Experts think it could be a sign that the body’s healing from years of tobacco abuse.

Quitting smoking and opting for a vape instead is said to expose you to less cancer causing toxins reducing your risk of lung disease, heart disease and stroke

Tobacco destroys tiny hair-like structures in the airways called cilia, designed to keep dirt and mucus out of the lungs.

When these are killed off, irritants can settle in the lungs and mucus builds up. This is what triggers the ‘smoker’s cough’, with their body attempting to clear the airways.

Once someone gives up smoking, cilia regrow and help to move the mucus out. This can also result in a cough that can last for months.

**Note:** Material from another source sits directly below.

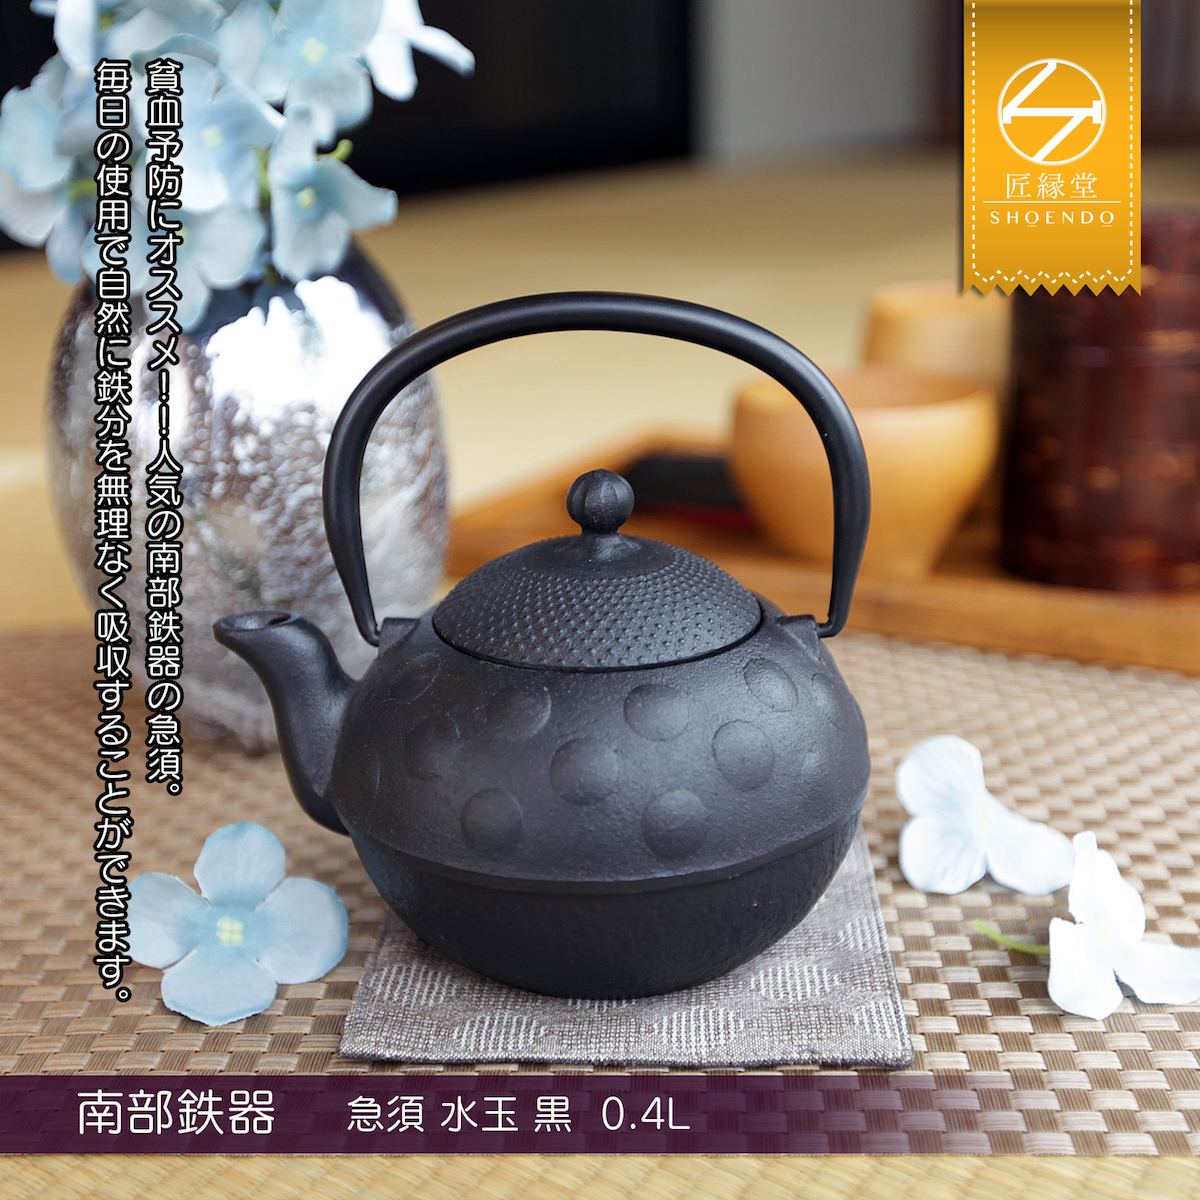 Fujita Kyusu TeaPot Kettle Nanbu Nambu Tekki Ironware Polka Dot 0.4L Japan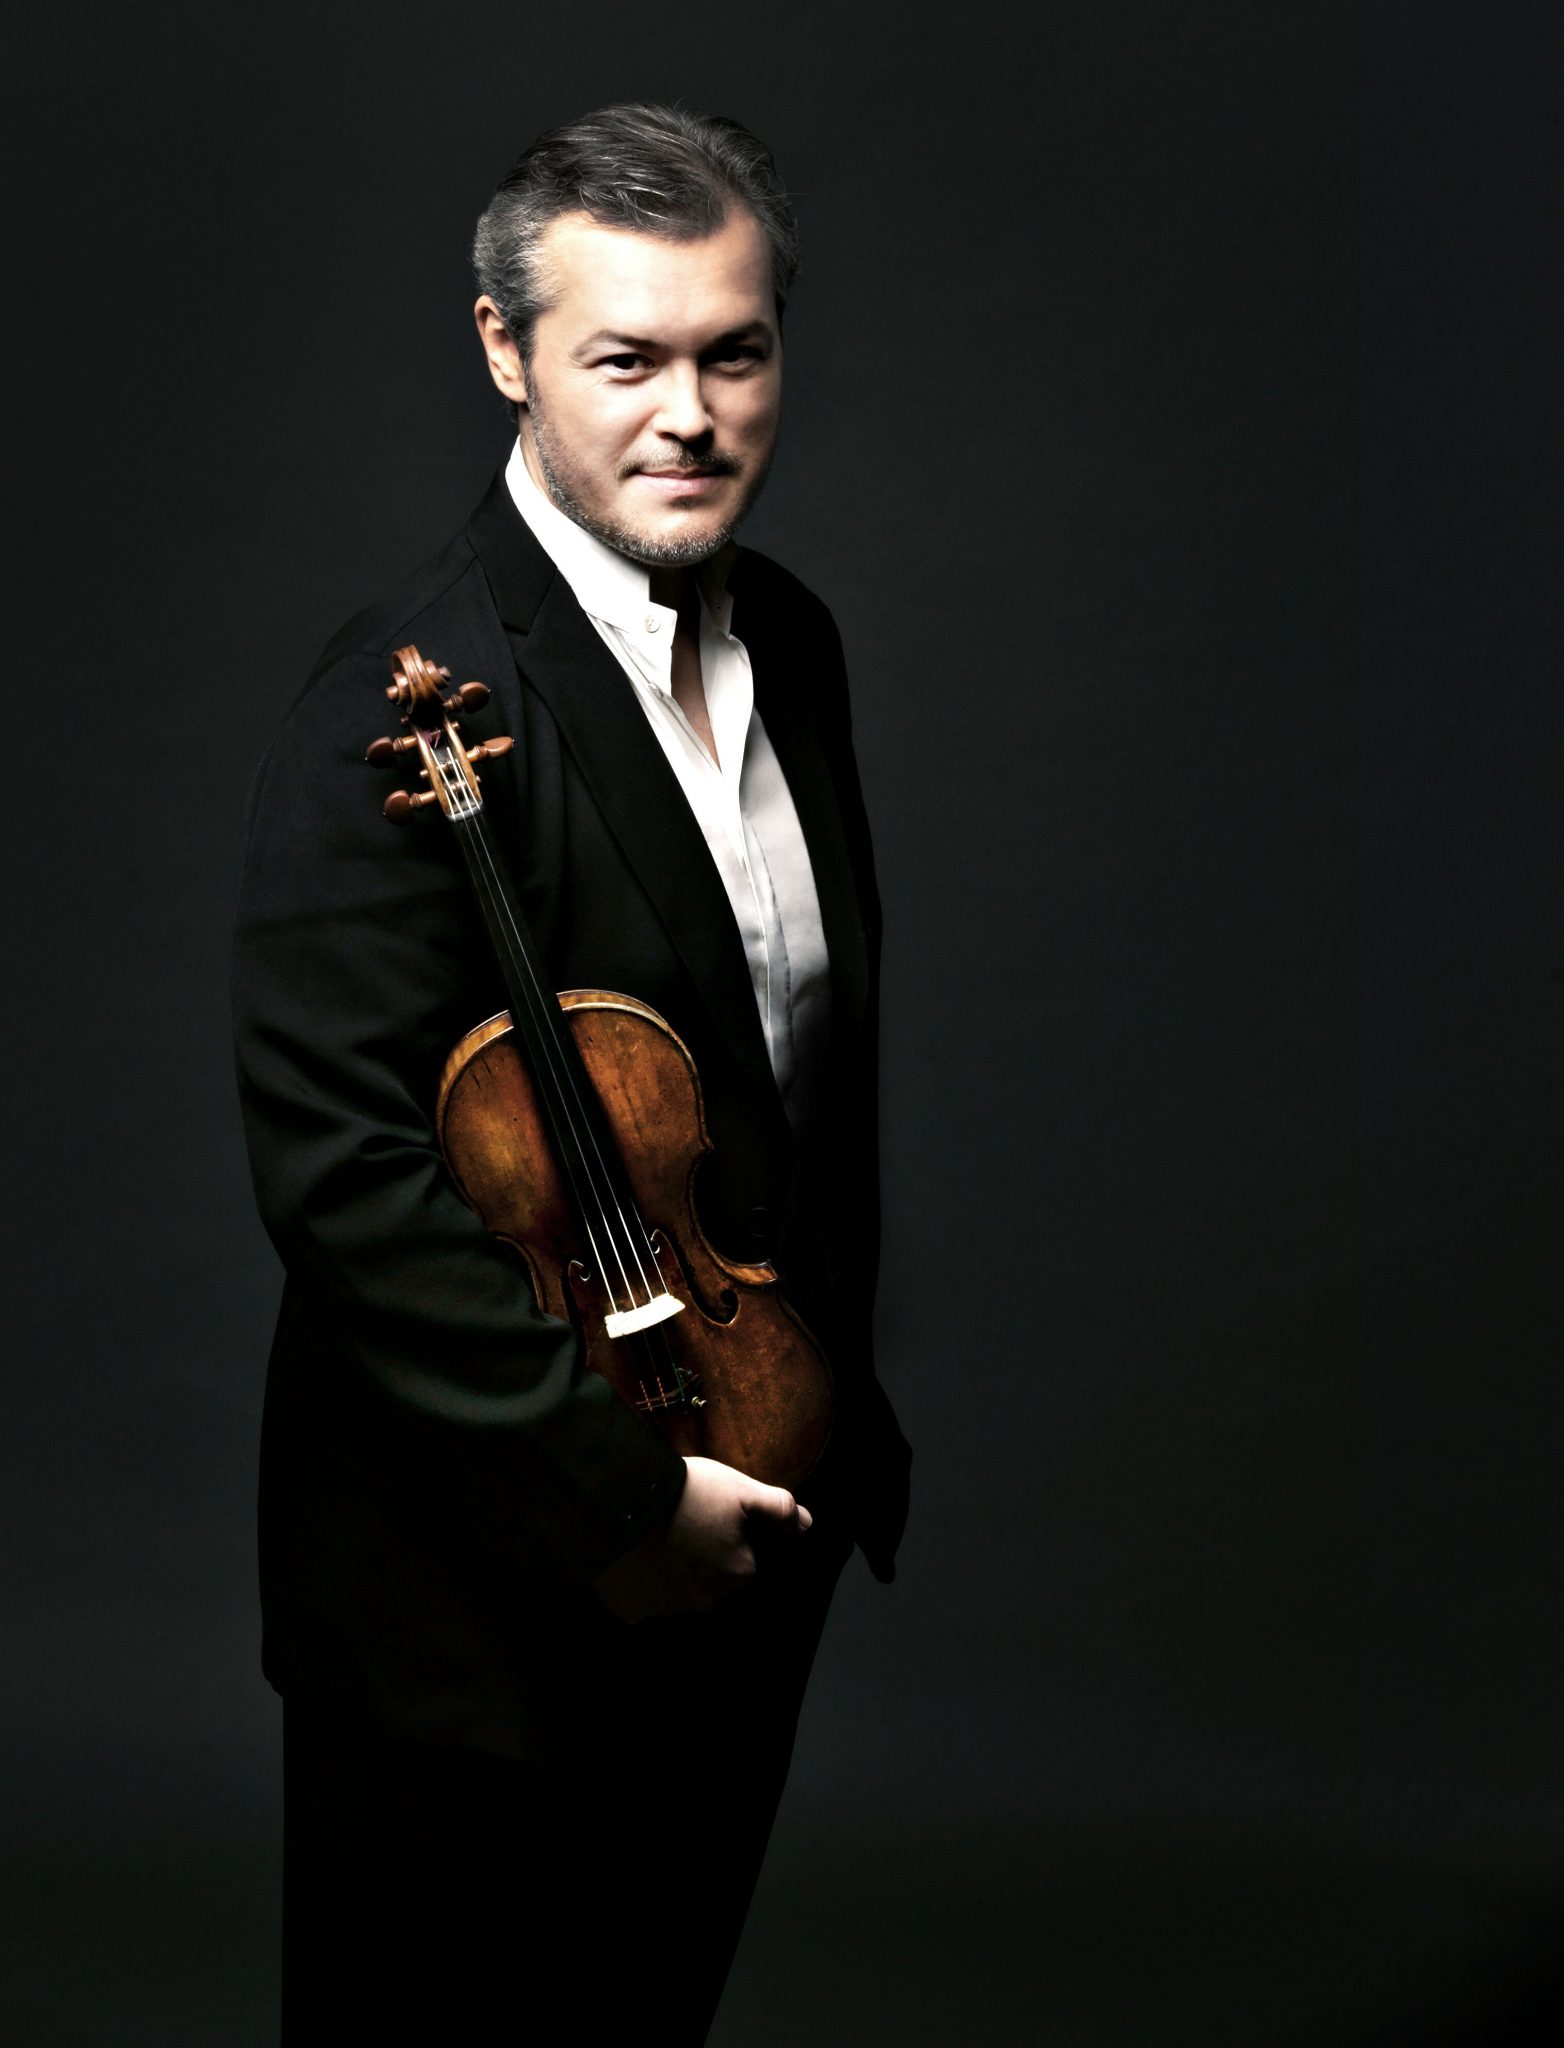 Pasión, poesía y sensibilidad: el violinista Repin ciclo de conciertos - Forbes España

Professor Lion Shahab, co-director of University College London‘s Tobacco and Alcohol Research Group, told MailOnline: ‘Developing a cough is a normal response to stopping smoking as the cilia in the lungs recover and become functional again.

‘So, if a smoker switches to vaping, something similar may be going on.’

Prominent e-cigarette researcher Professor Peter Hajek, of Queen Mary University London, said the tickly ‘vaper’s cough’ usually fades after a few weeks of use.

One trial, published in the respected New England Journal of Medicine in 2019, even found cigarette addicts given vapes as a stop-smoking tool were coughing less a year later, compared to participants handed nicotine replacement gums, patches or sprays.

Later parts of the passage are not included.